=== Stored data ===
──────
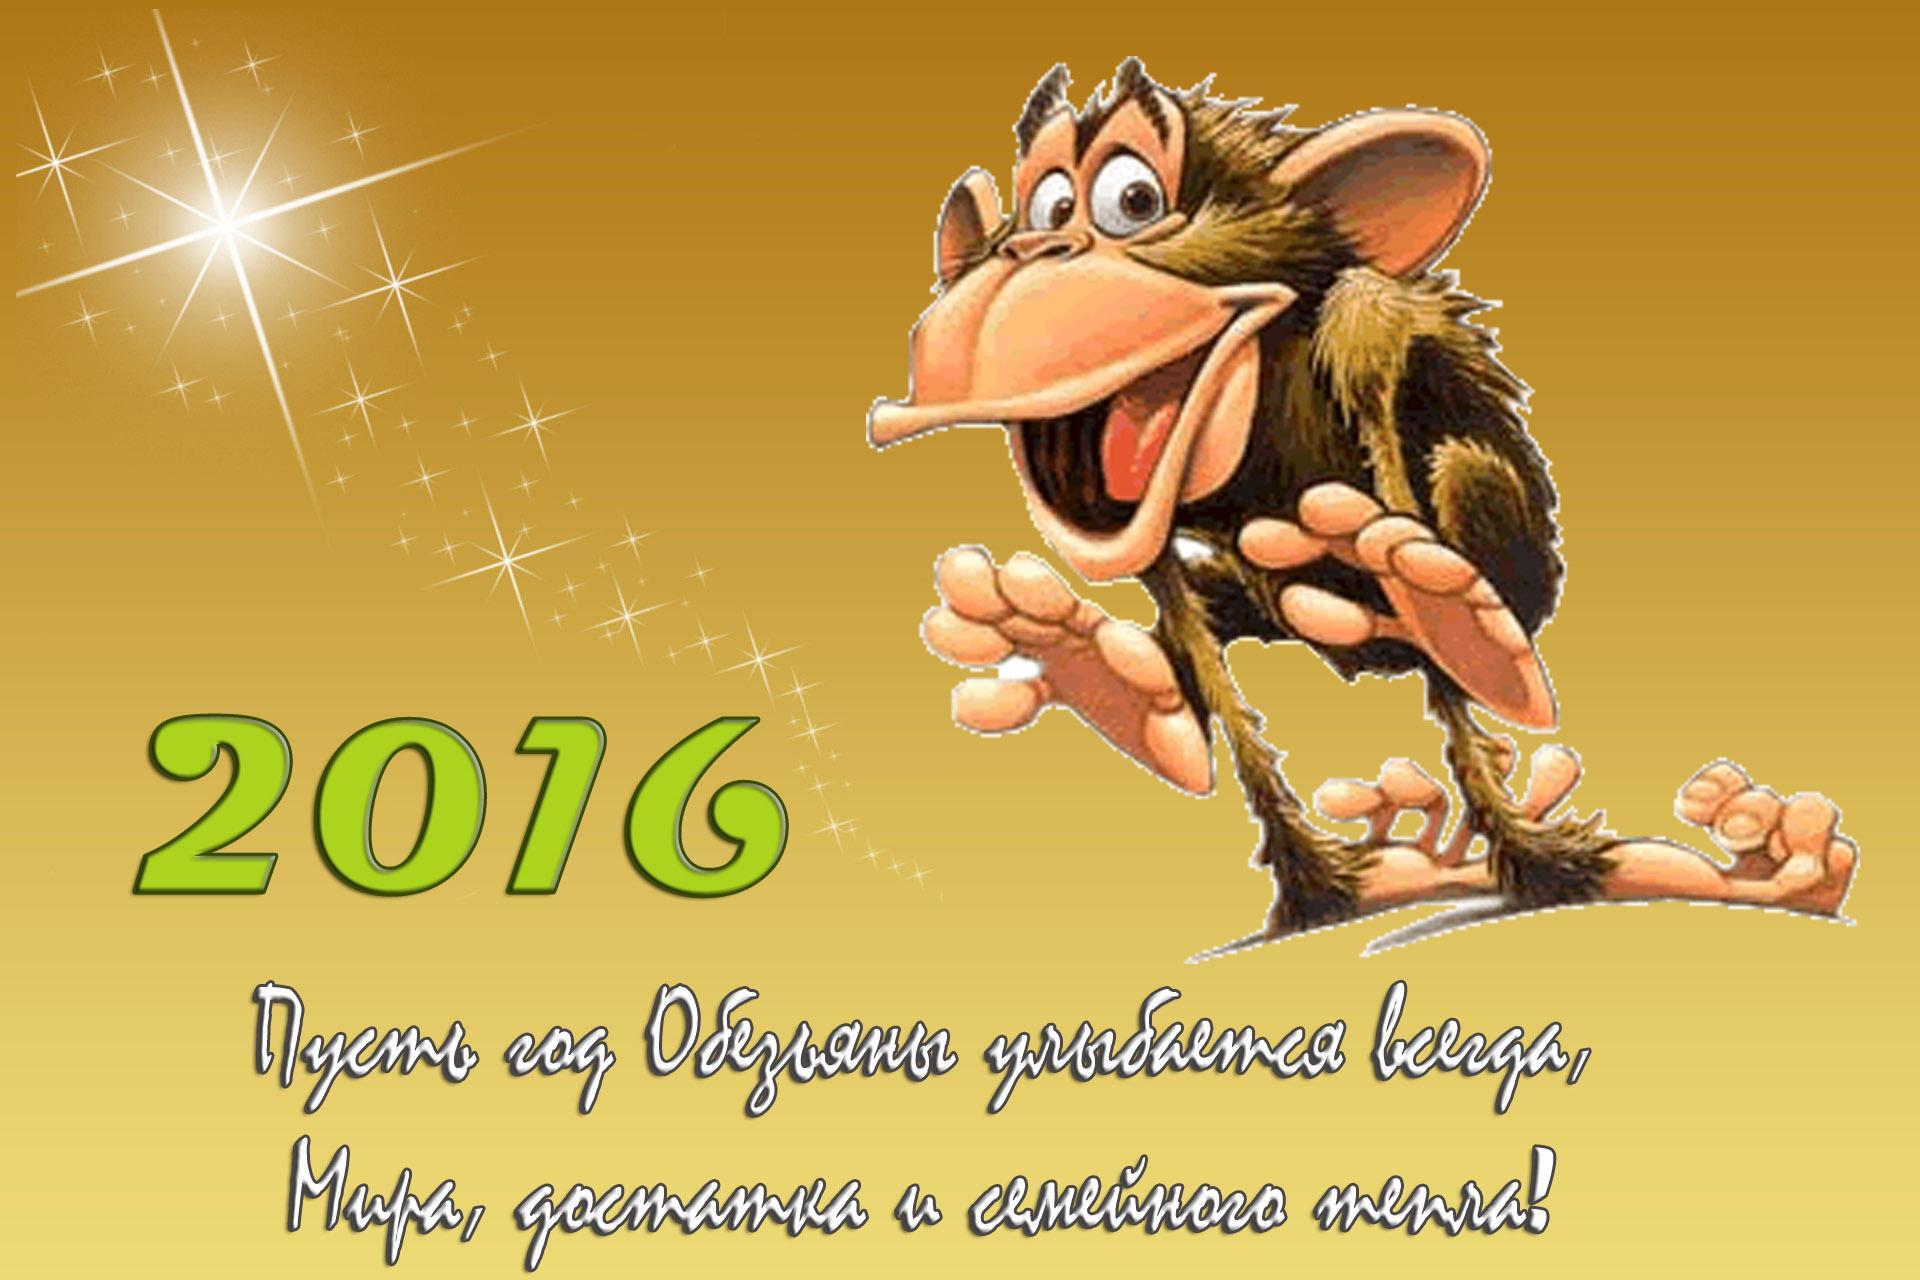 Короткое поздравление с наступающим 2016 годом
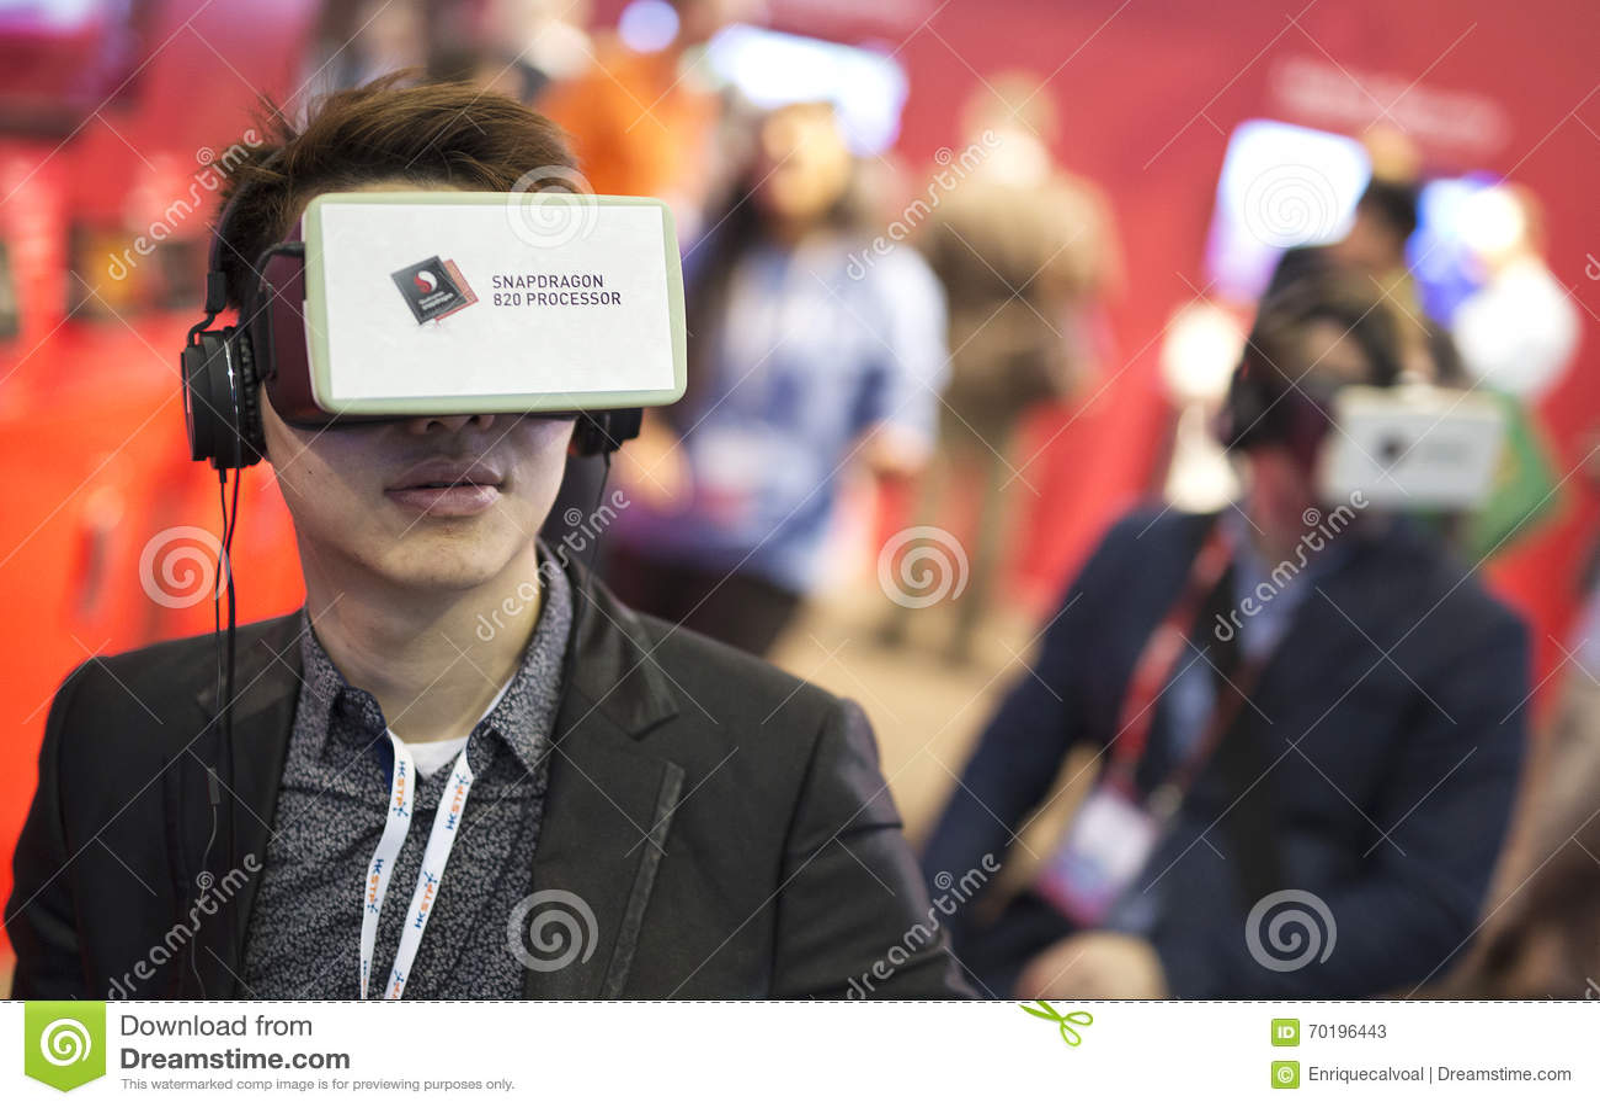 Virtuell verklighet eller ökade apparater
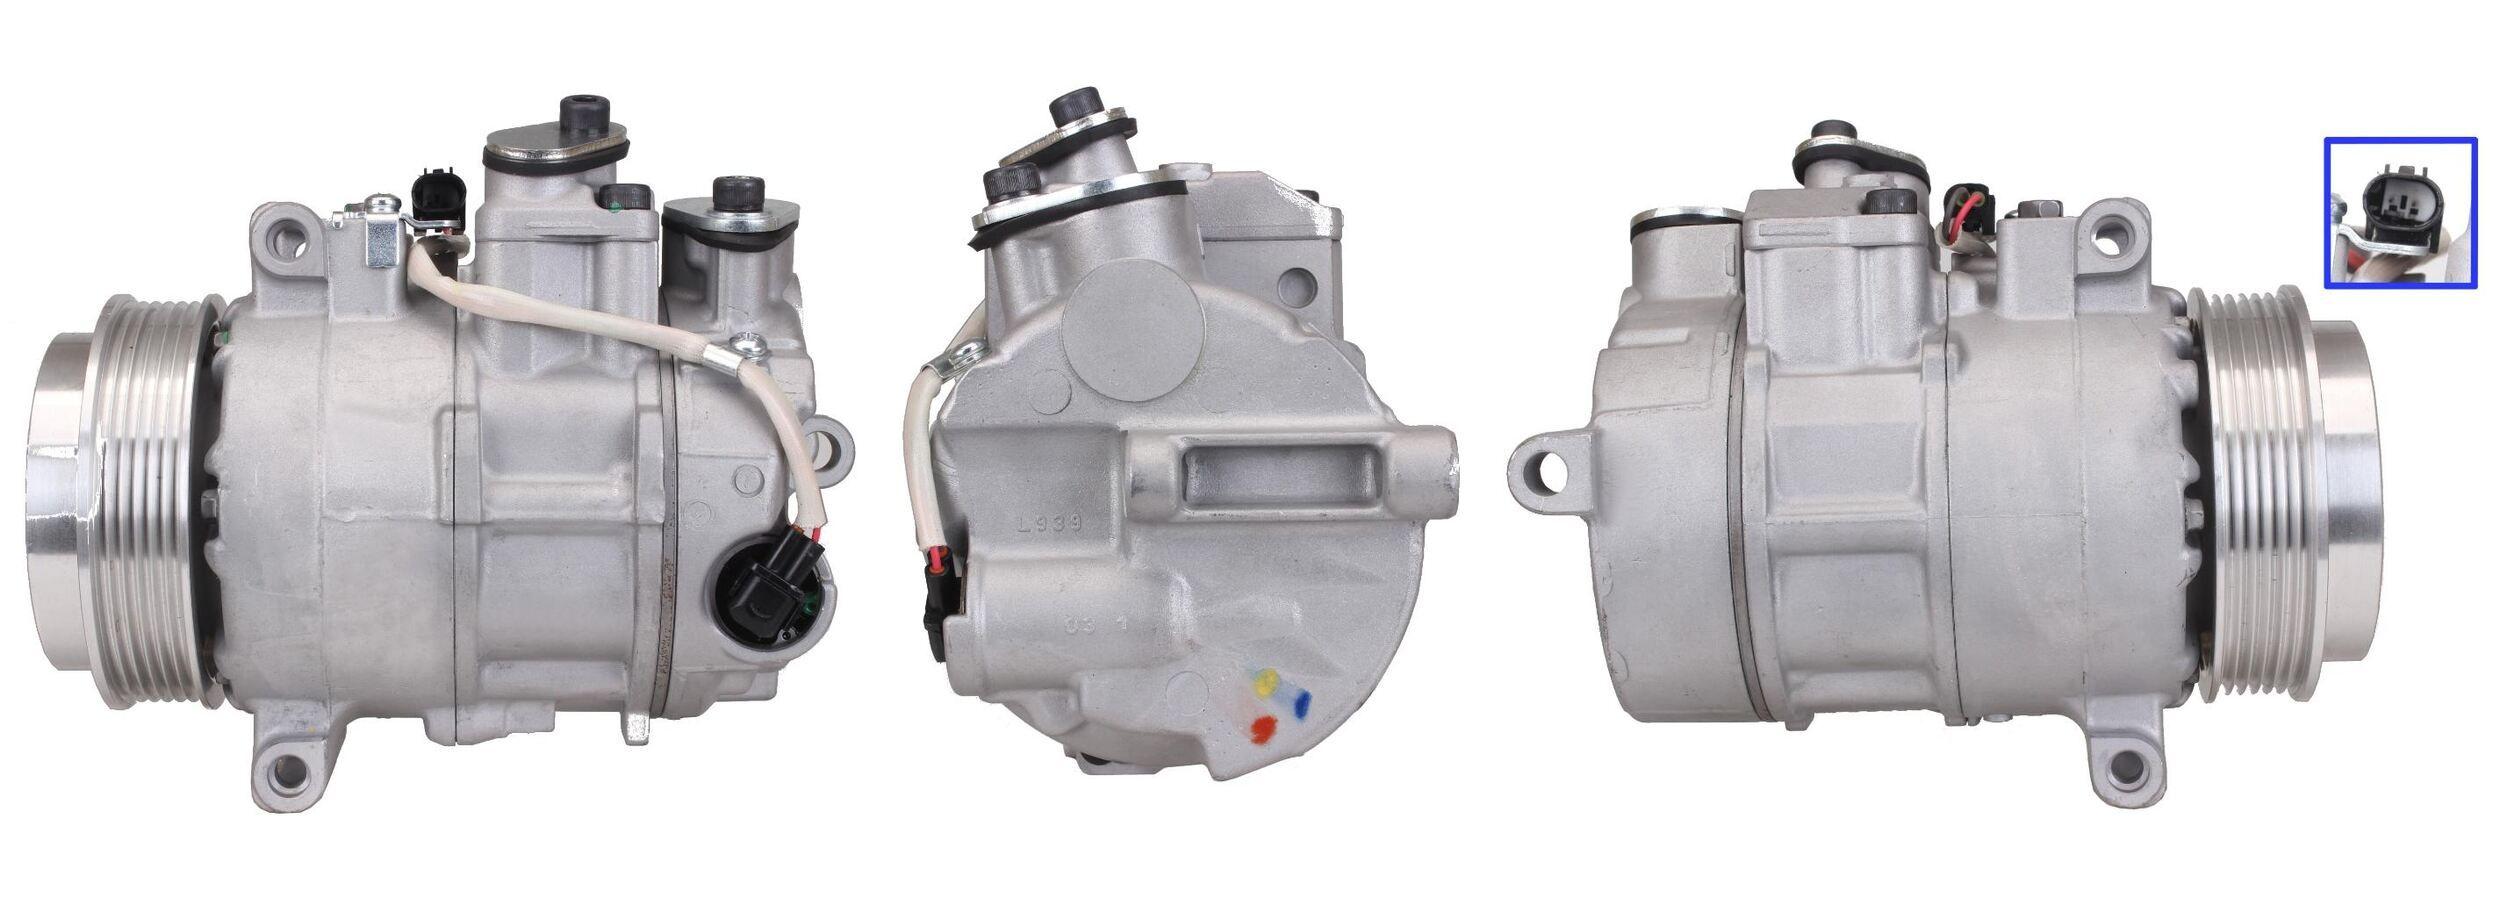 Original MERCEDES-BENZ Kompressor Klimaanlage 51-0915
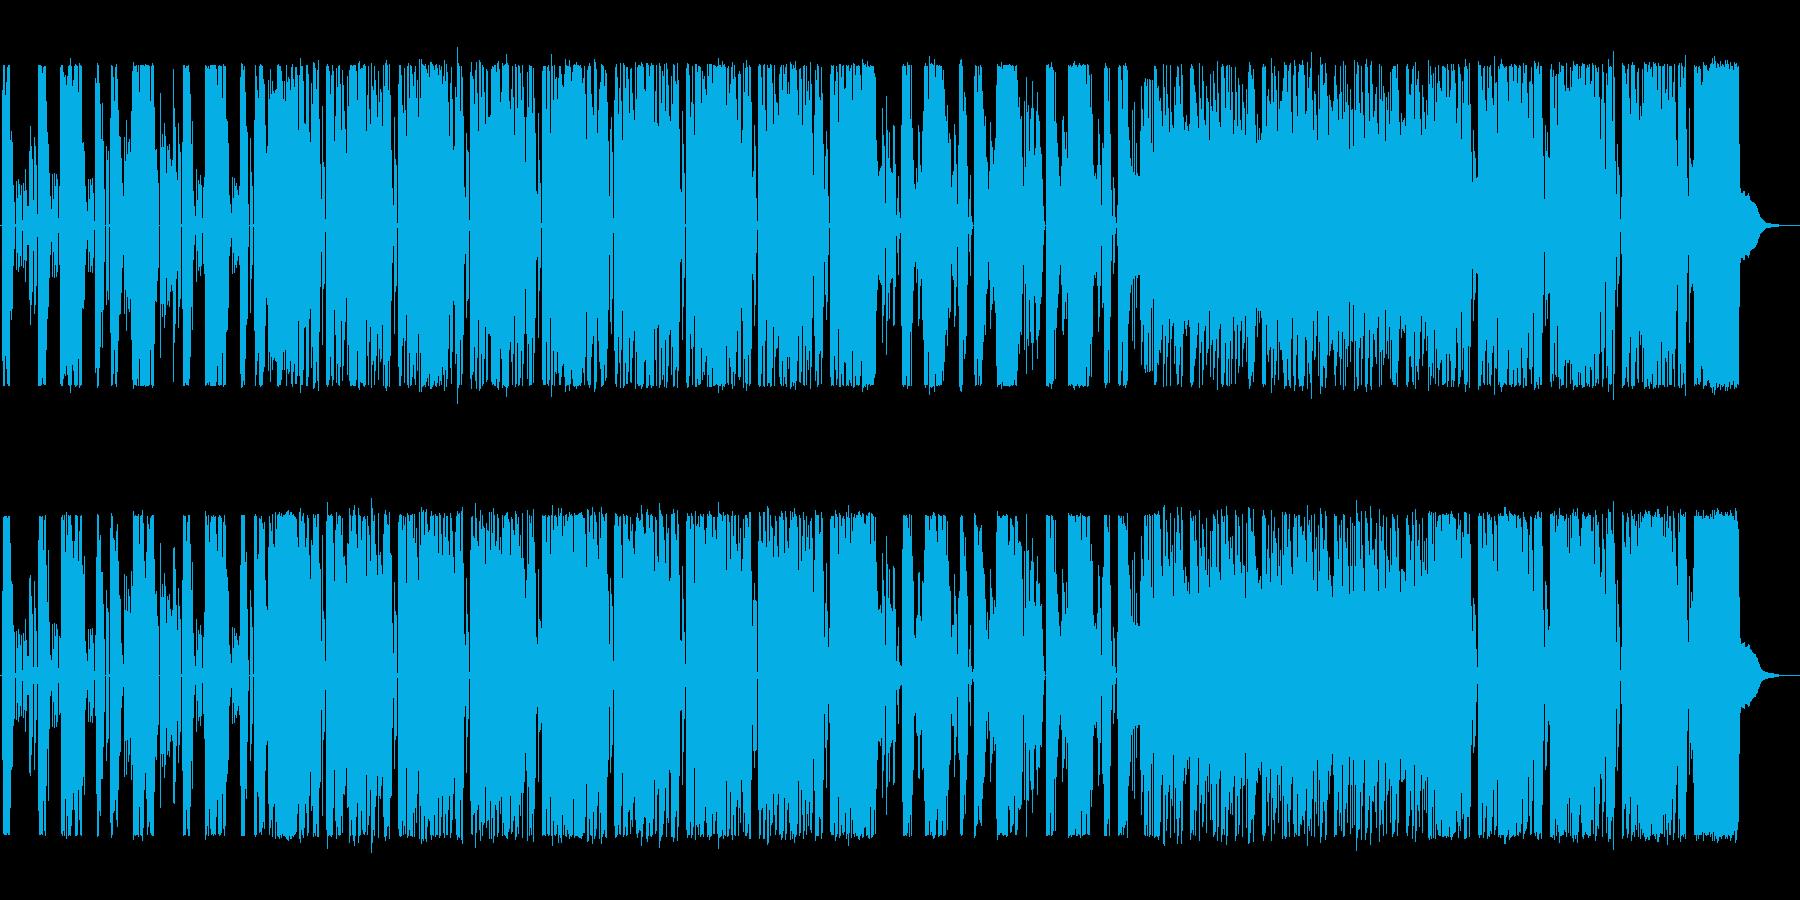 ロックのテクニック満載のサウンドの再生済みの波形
──────
=== Assignment ===
Here the job is to print the data above exactly, except for any pictures.

=== Exercise result ===
 Короткое поздравление с наступающим 2016 годом
 Virtuell verklighet eller ökade apparater
 Original MERCEDES-BENZ Kompressor Klimaanlage 51-0915
 ロックのテクニック満載のサウンドの再生済みの波形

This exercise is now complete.